Problem to work on: Please copy the lines below, exactly as they are, from the one with "Jak selekcjonować odpady komunalne" through the one with "La nuova Honda", and leave out the pictures.

Data excerpts:
◆ ◆ ◆ ◆

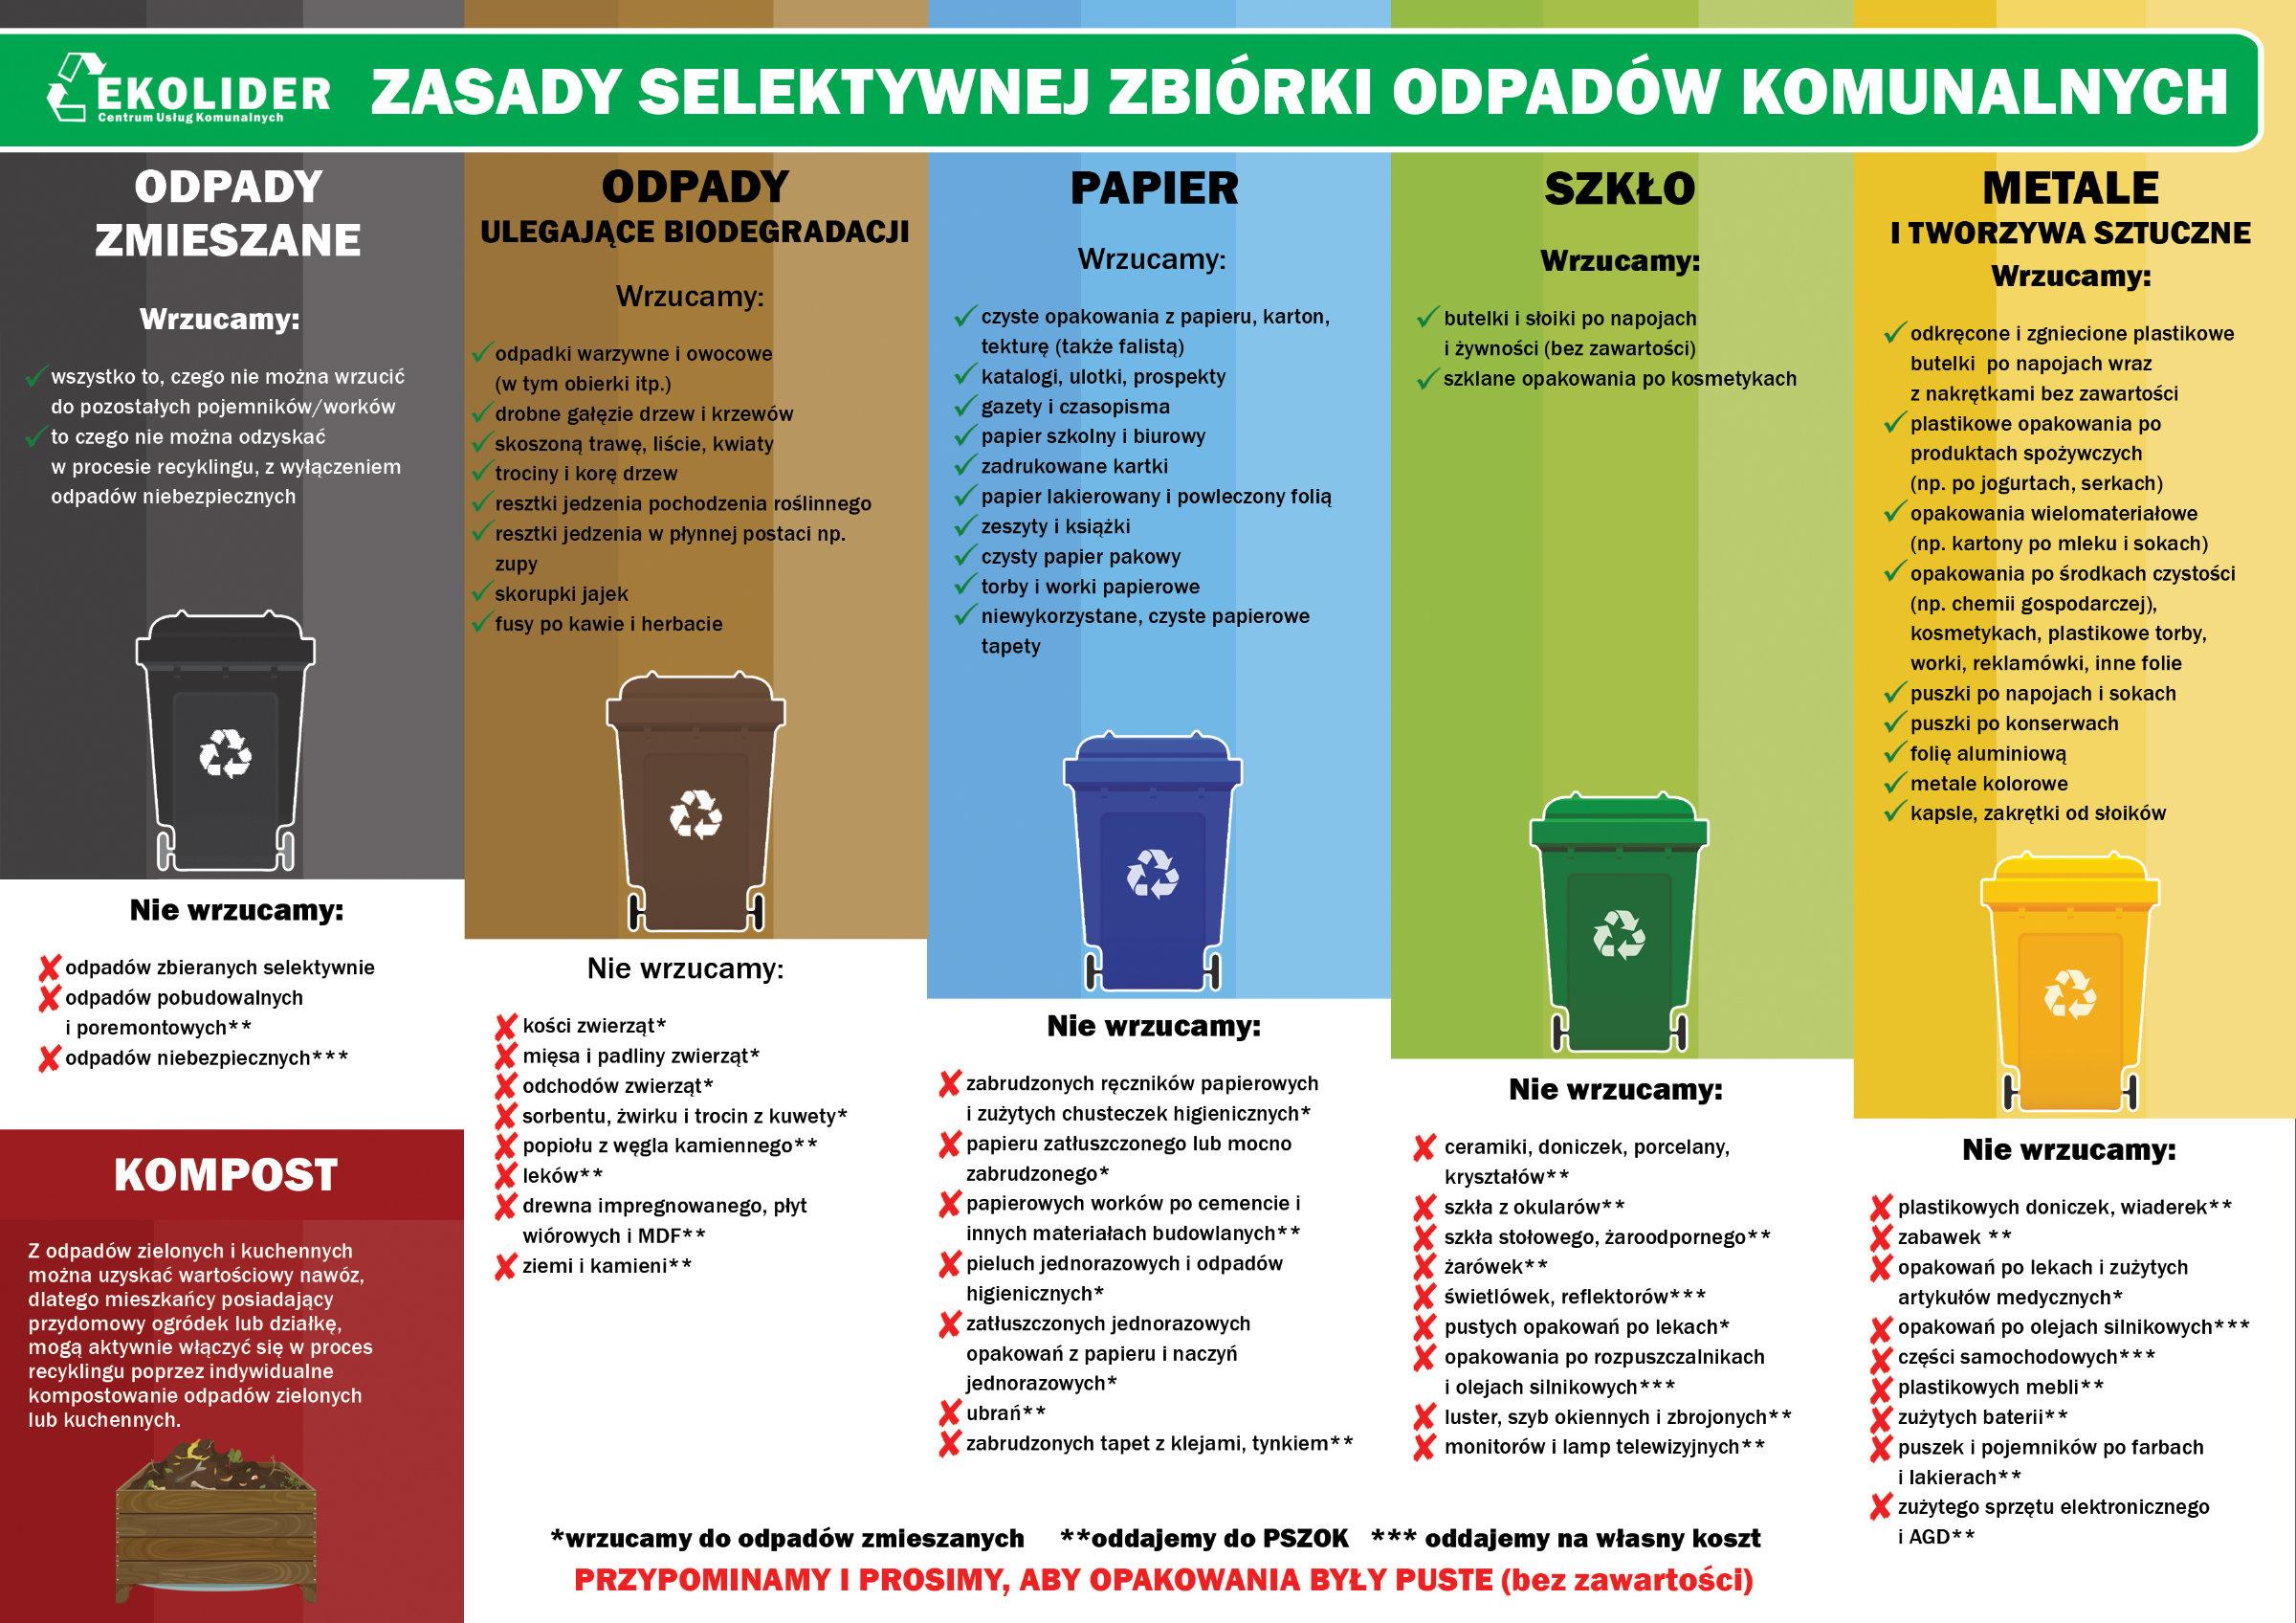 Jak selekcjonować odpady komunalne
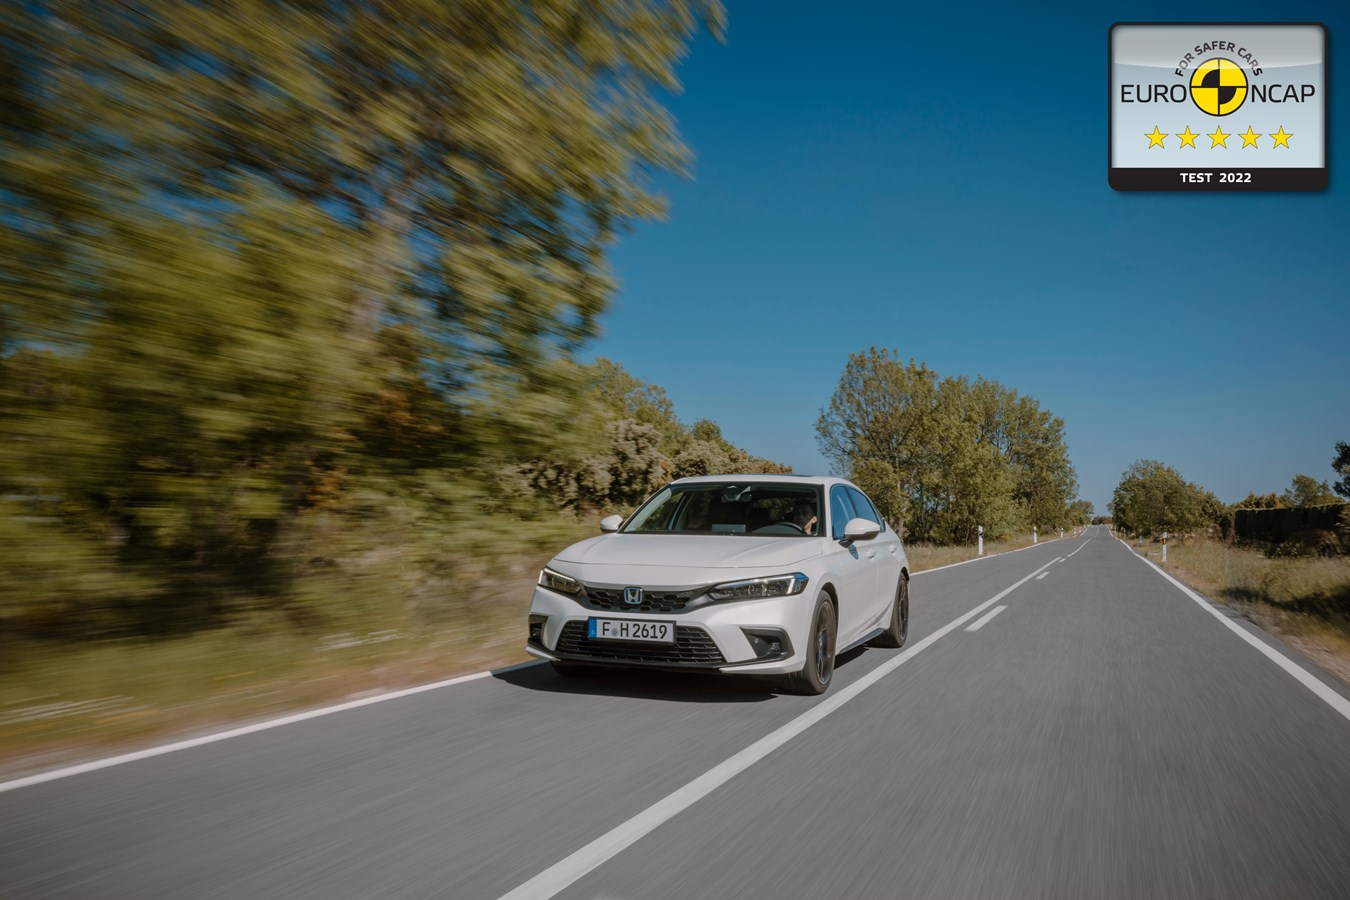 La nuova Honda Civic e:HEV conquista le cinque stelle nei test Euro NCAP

◆ ◆ ◆ ◆

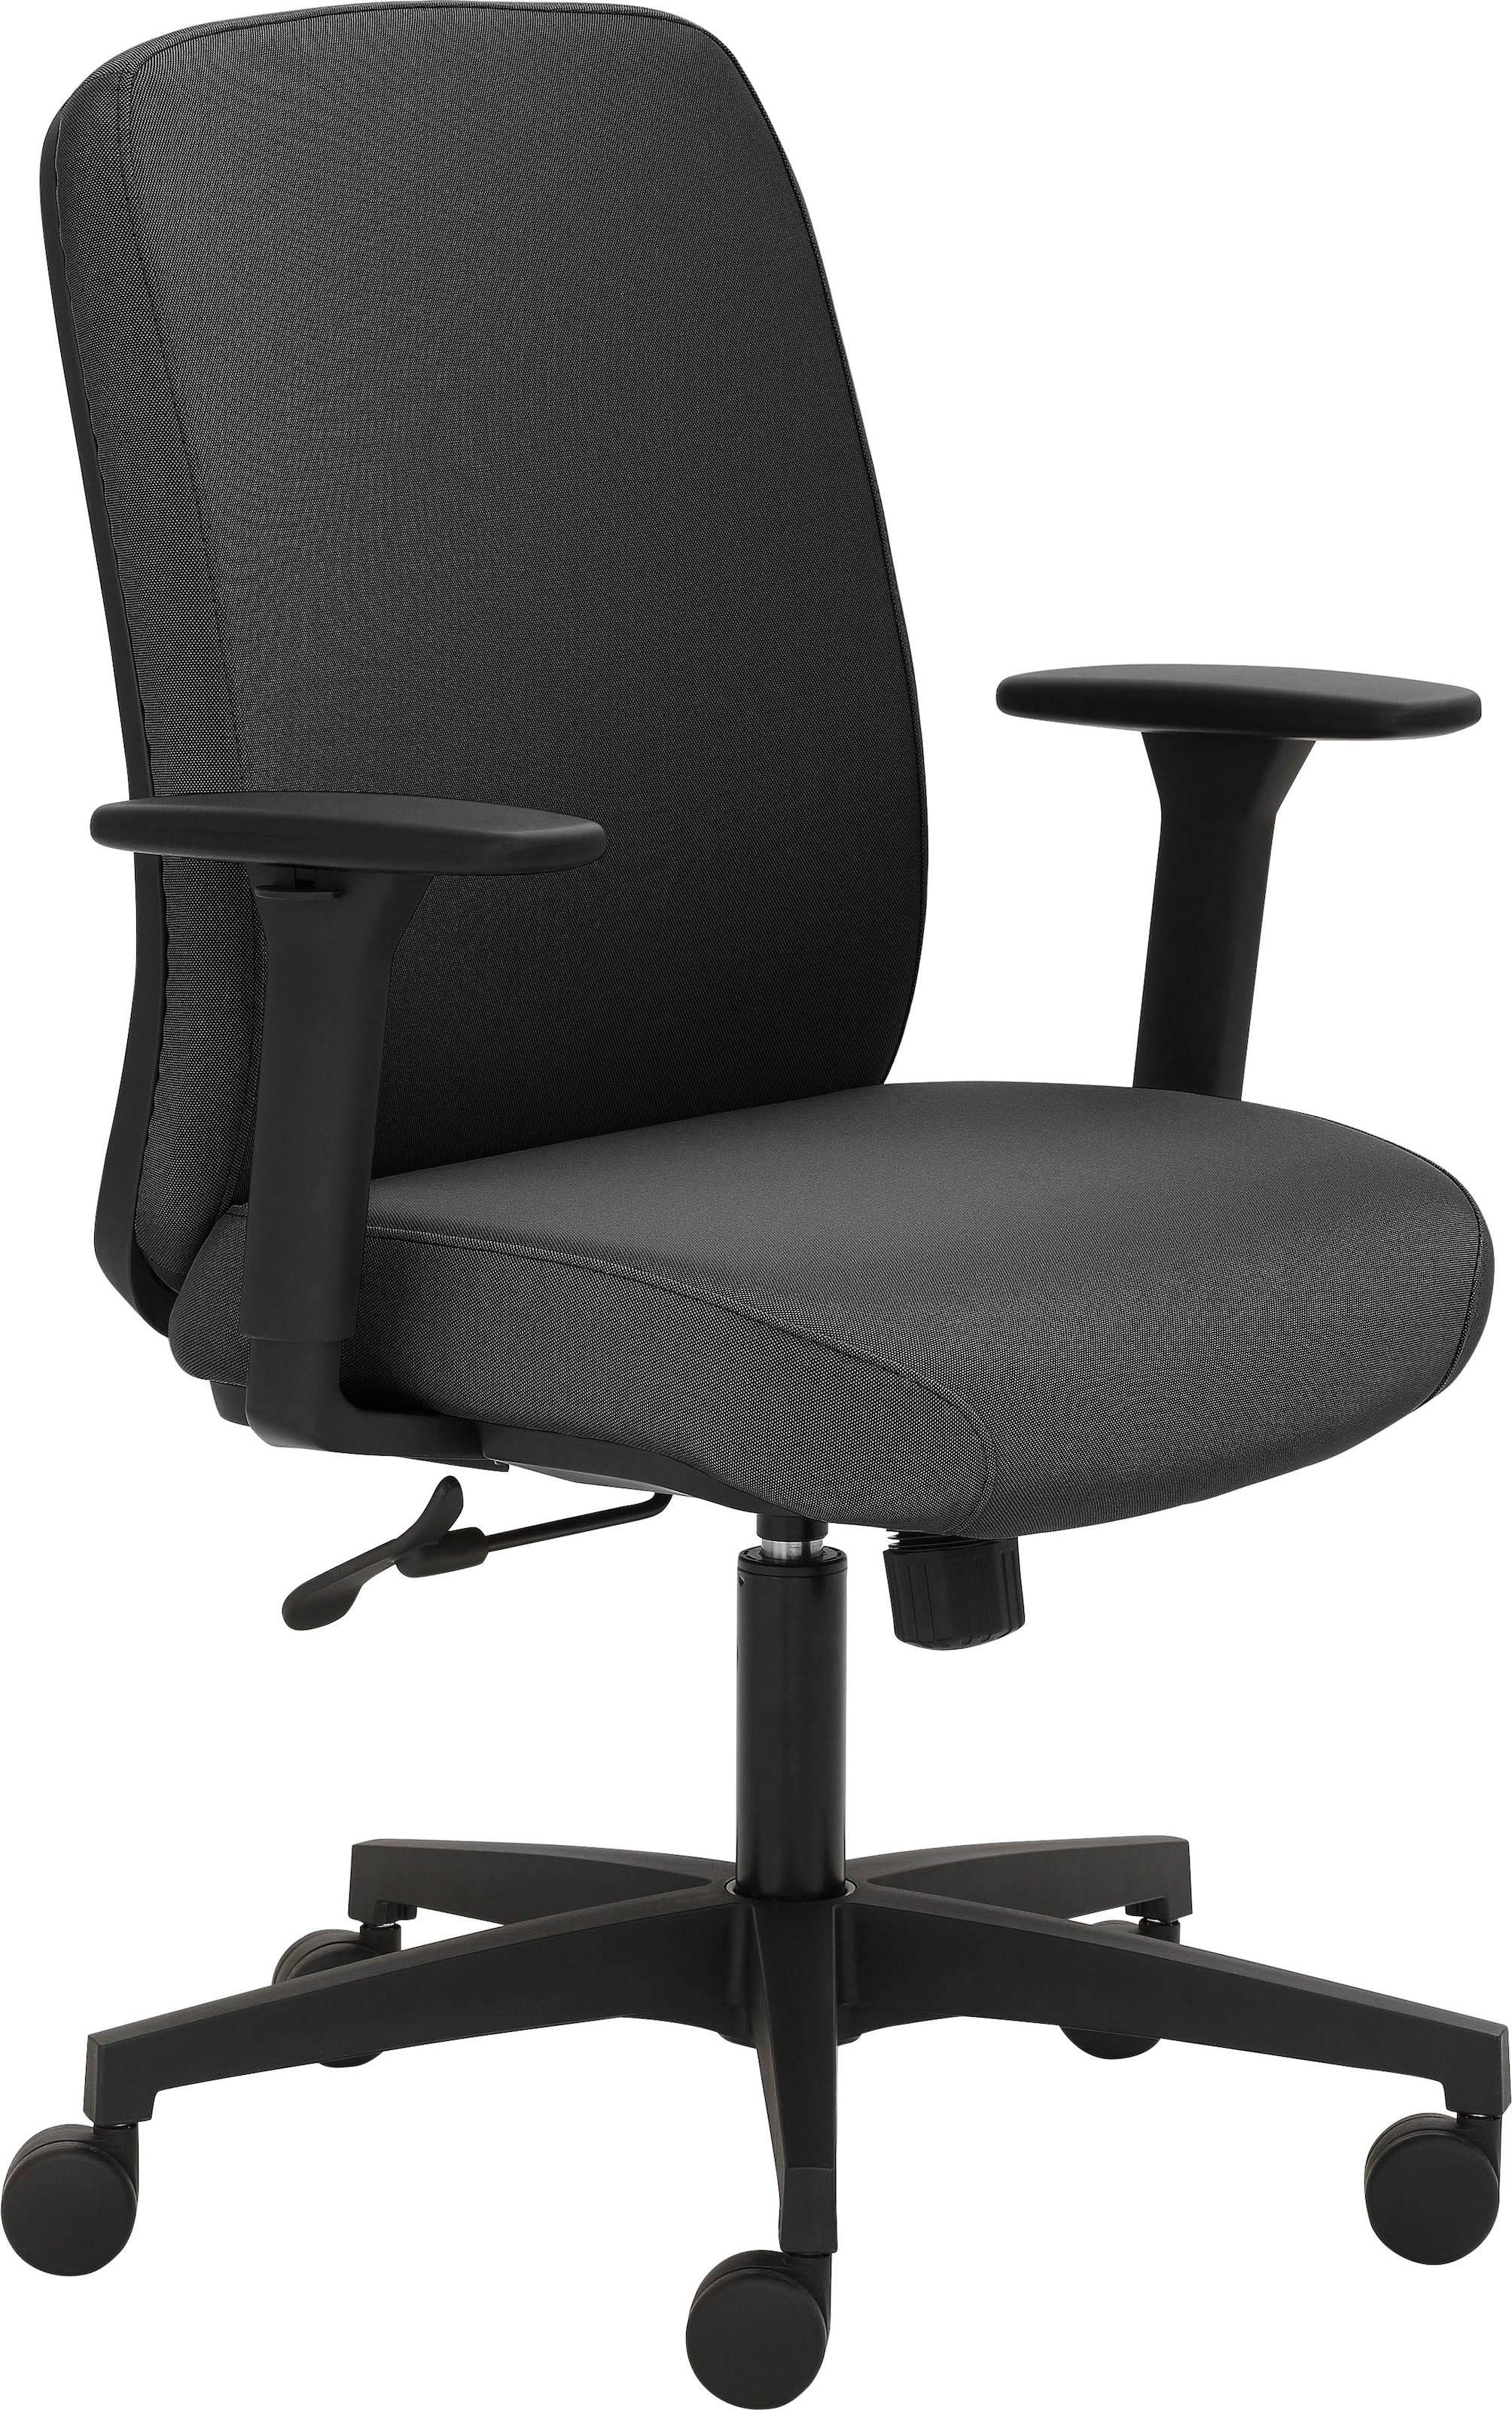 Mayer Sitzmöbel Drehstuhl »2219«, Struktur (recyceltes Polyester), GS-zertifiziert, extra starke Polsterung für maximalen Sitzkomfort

◆ ◆ ◆ ◆

Response:
 Jak selekcjonować odpady komunalne
 La nuova Honda Civic e:HEV conquista le cinque stelle nei test Euro NCAP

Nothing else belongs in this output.